> Instructions for the task:
Only the lines below from the one with "women, 90 ml" through the one with "Rastpage HDTV Premium" are to be written out, exactly and without any images.

*** Source data Section Begins ***

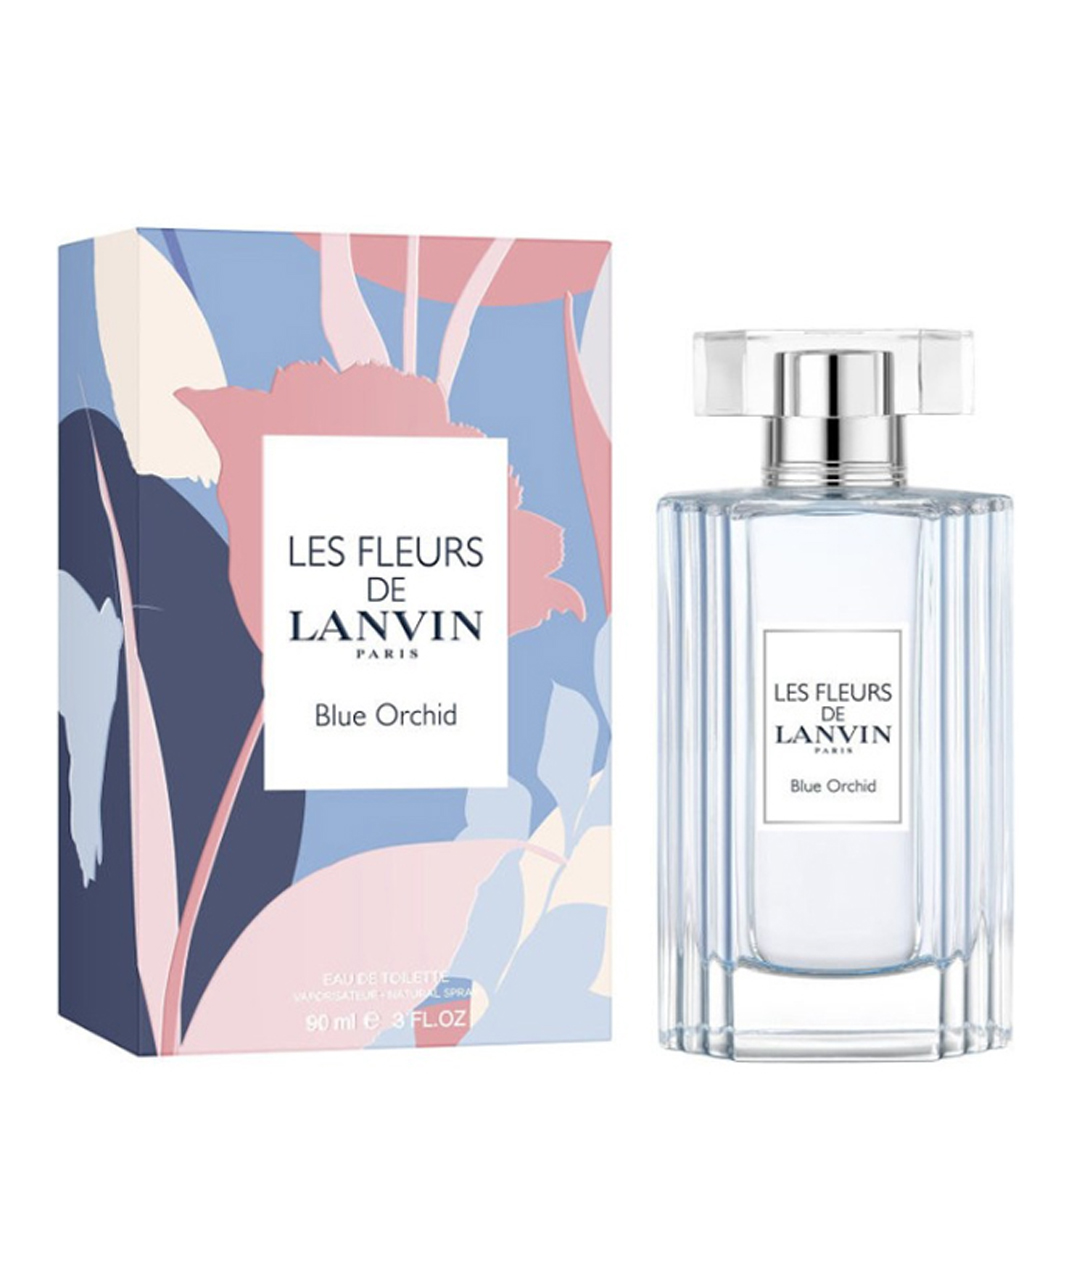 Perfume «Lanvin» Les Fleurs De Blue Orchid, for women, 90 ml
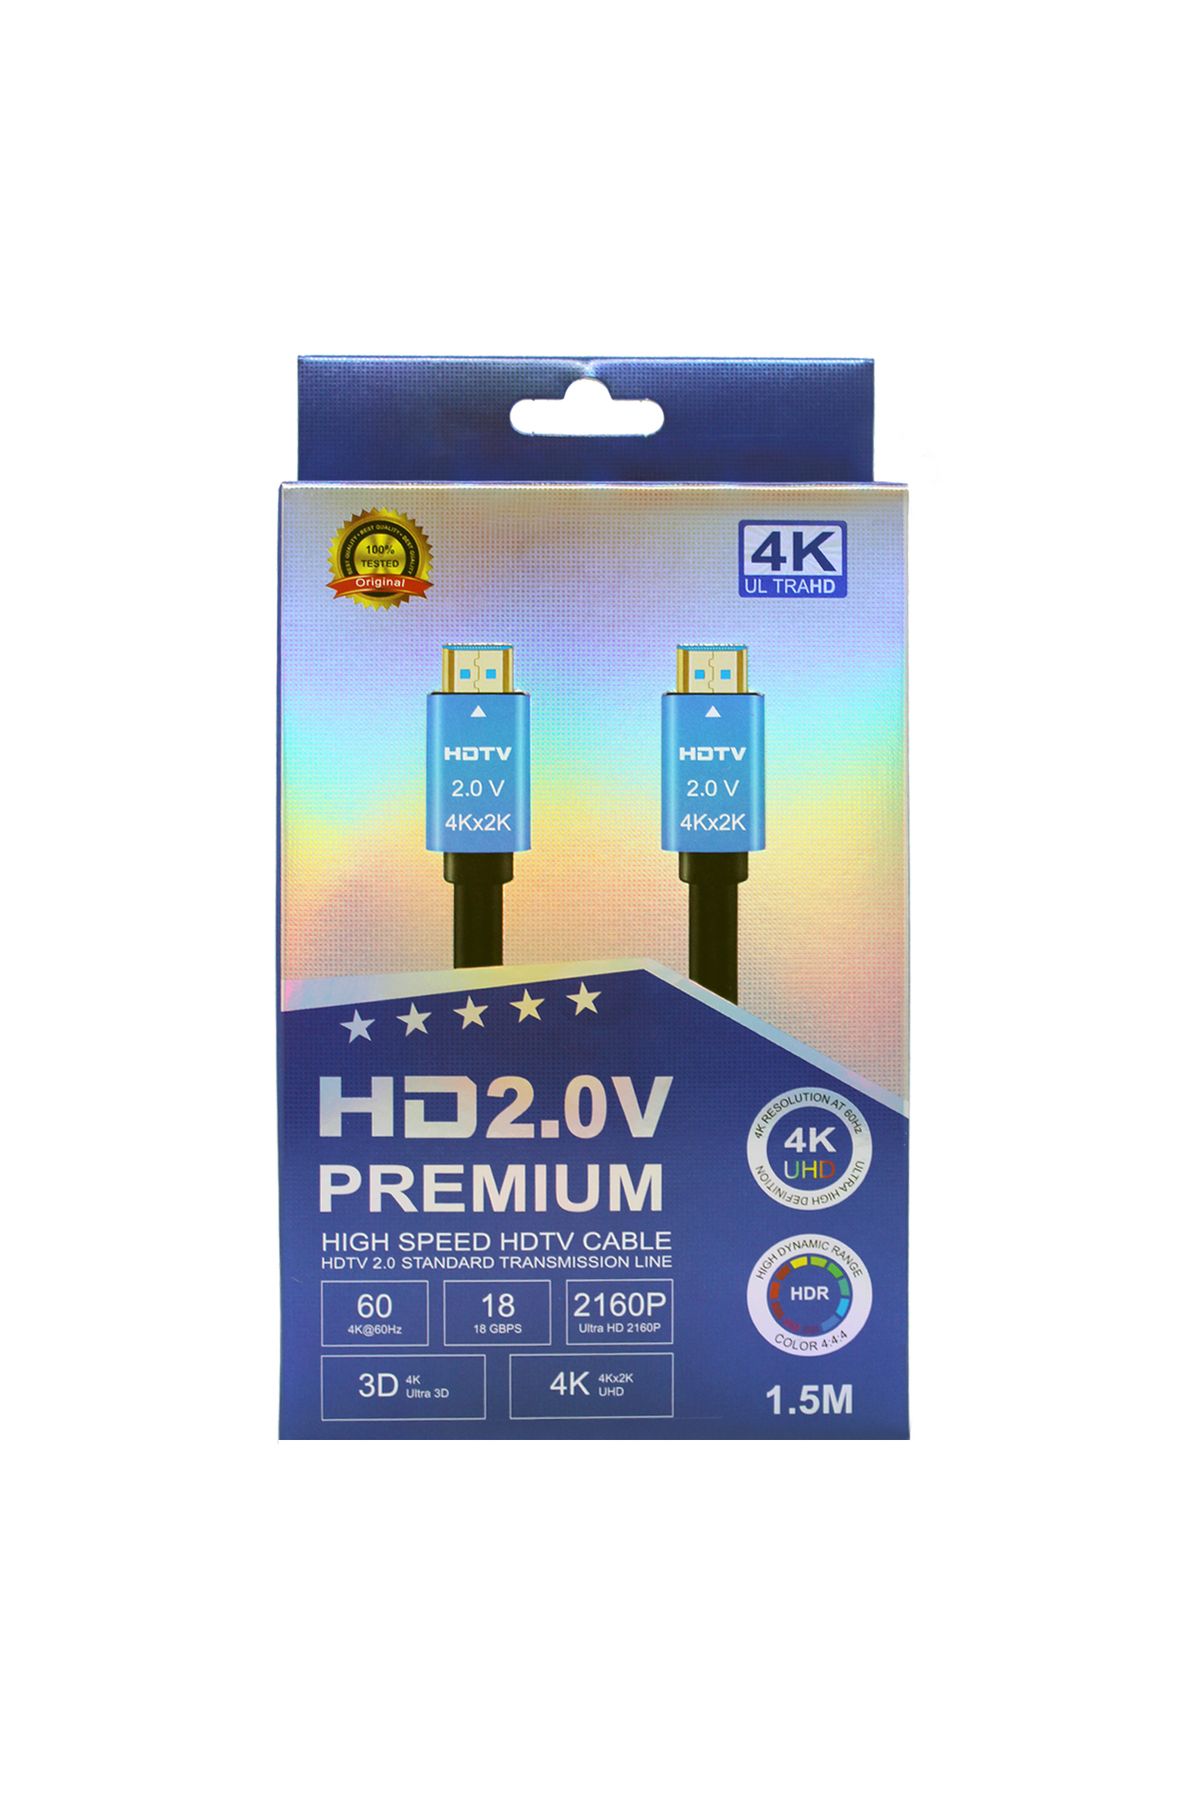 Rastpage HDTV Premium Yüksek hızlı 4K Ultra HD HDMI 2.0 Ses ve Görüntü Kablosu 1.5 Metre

*** Source data Section Ends ***
*** Source data Section Begins ***

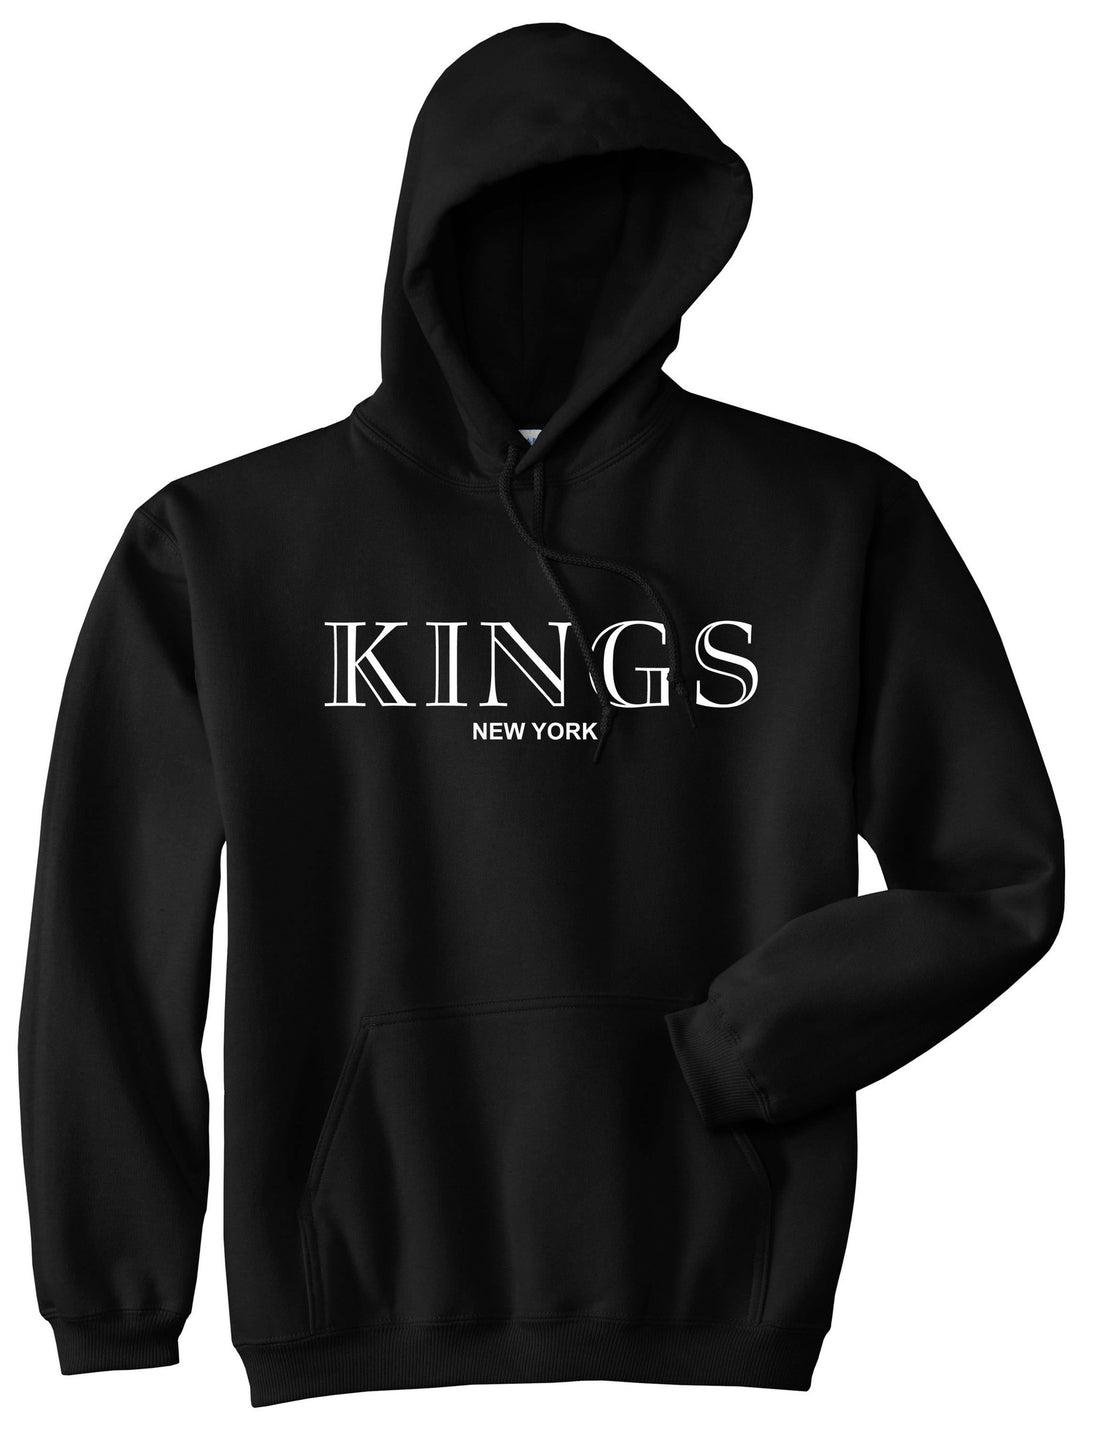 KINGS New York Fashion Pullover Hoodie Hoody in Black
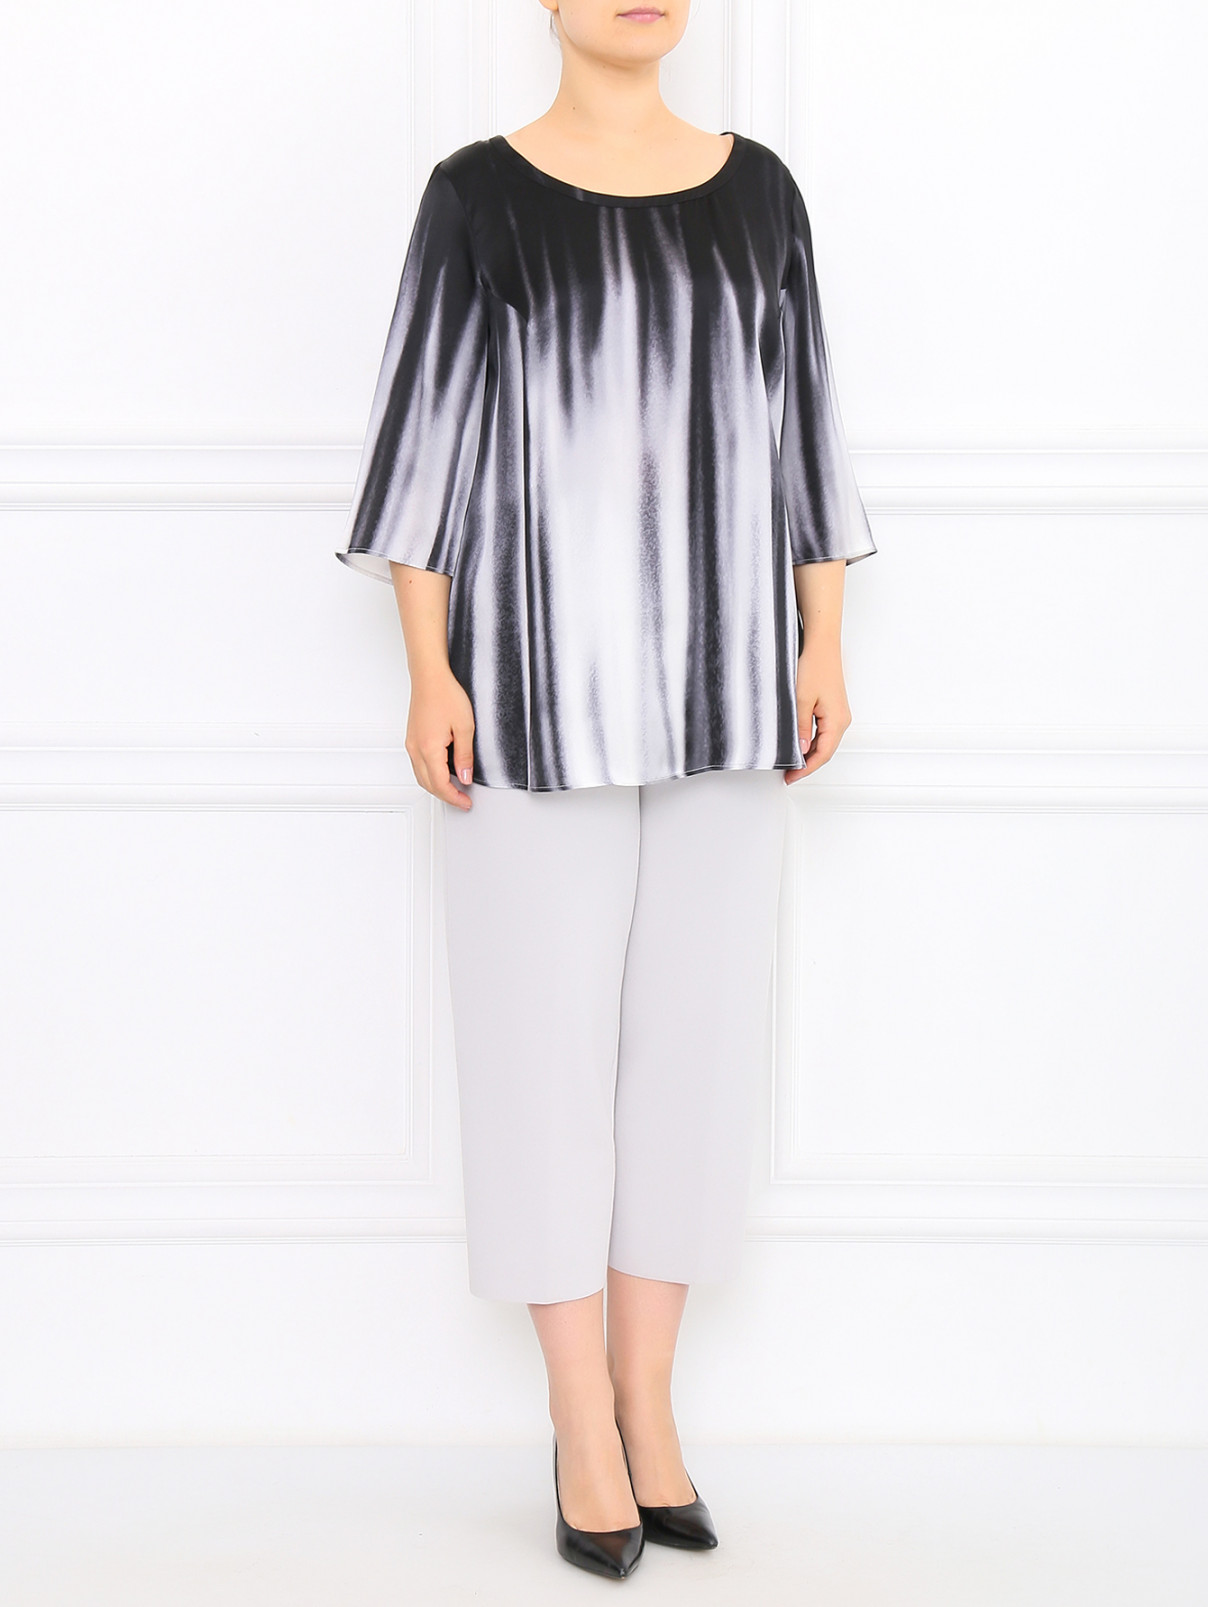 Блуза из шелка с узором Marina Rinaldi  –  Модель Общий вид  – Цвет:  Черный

*** Source data Section Ends ***

> Written answer:
 Perfume «Lanvin» Les Fleurs De Blue Orchid, for women, 90 ml
 Rastpage HDTV Premium Yüksek hızlı 4K Ultra HD HDMI 2.0 Ses ve Görüntü Kablosu 1.5 Metre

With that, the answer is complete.